Christian did not turn his eyes from her for the shadow of a moment.

“After that,” she went on, “people began to say, ‘Lass, your eyes are too bold.’ Well, they was. I couldn’t tell everybody why. The vicar drivelled about some secret shame and turning my soul to God. He made me laugh. When I went into service on the estate, they grudged me the food I ate. I had to wait on the children, fetch water, polish boots, clean rooms, run errands for the Madame. There was an overseer that was after me—a fellow with rheumy eyes and a hare-lip. Once at night when I got to my little room, there he was and grabbed me. I took a stone jug and broke it across his head. He roared like a steer, and everybody came hurrying in—the servants and the master and the mistress. They all screamed and howled, and the overseer tells them a whacking lie about me, and the master says: ‘Out with you, you baggage!’ Well, why not, I thought. And that very night I tied up my few rags, and off I was. But next night I slunk back, ’cause I’d found no shelter anywhere. I crept all around the house, not because I was tired or hungry, but to pay them out for what they’d done to me. I wanted to set the house on fire and burn it down and have my revenge. But I didn’t dare, and I wandered about the countryside for three days, and always at night came back to the house. I just couldn’t sleep and I’d keep seeing the fire that I ought to have lit, and the house and stables flaring up and the cattle burning and the hay flying and the beams smoking and the singed dogs tugging at their chains. And I could almost hear them whine—the dogs and the children who’d tormented me so, and the mistress who’d stood under the Christmas tree in a silk dress and given presents to everybody except to me. Oh, yes, I did get three apples and a handful o’ nuts, and then she told me to hurry and wash the stockings for Anne-Marie. But at last my strength gave out, wandering about that way and looking for a chance. The rural policeman picked me up and wanted to question me. But I fainted, and he couldn’t find out nothing. If only I’d set fire to that house, everything would have been different, and I wouldn’t have had to go with the captain when my mother got me in her claws again. I let him talk me into going for a blue velvet dress and a pair of cheap patent leather shoes. And I never heard till later about the bargain that mother’d struck with him.”

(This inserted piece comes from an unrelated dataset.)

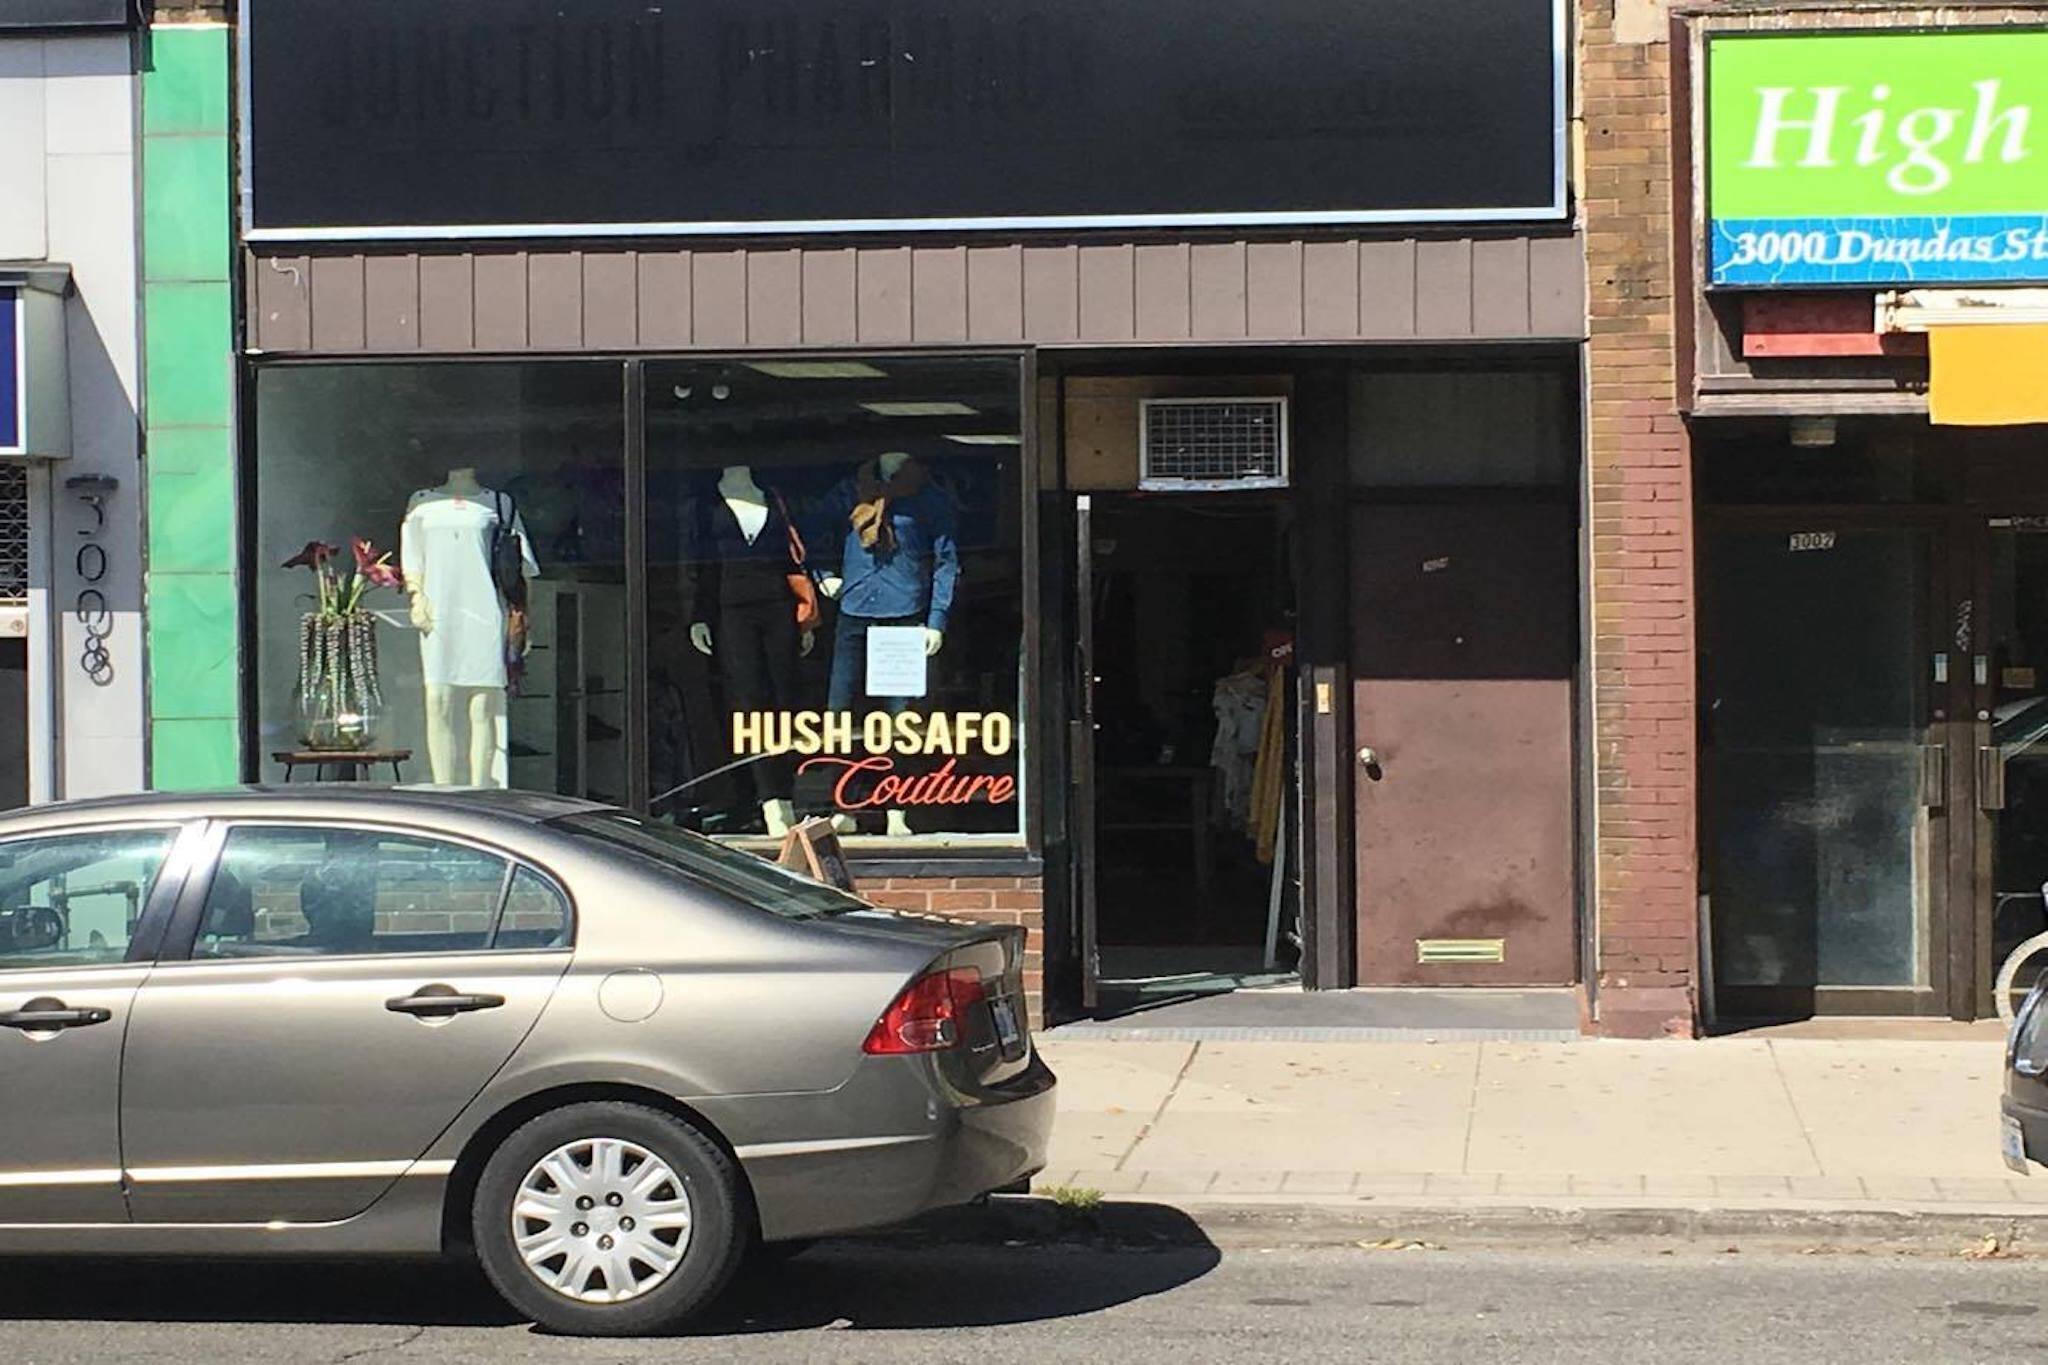 Hush Osafo Toronto

With her whole weight she shoved the chair she sat on farther from the table, and bent over and rested her forehead on the table’s edge. “O gee,” she said, absorbed by the horror of her fate, “O gee, if I’d set fire to that house, I wouldn’t have had to let everybody wipe their boots on me. If only I’d done it! It would have been a good thing!”

Silently Christian looked down upon her. He covered his eyes with his hand, and the pallor of his face and hand was one.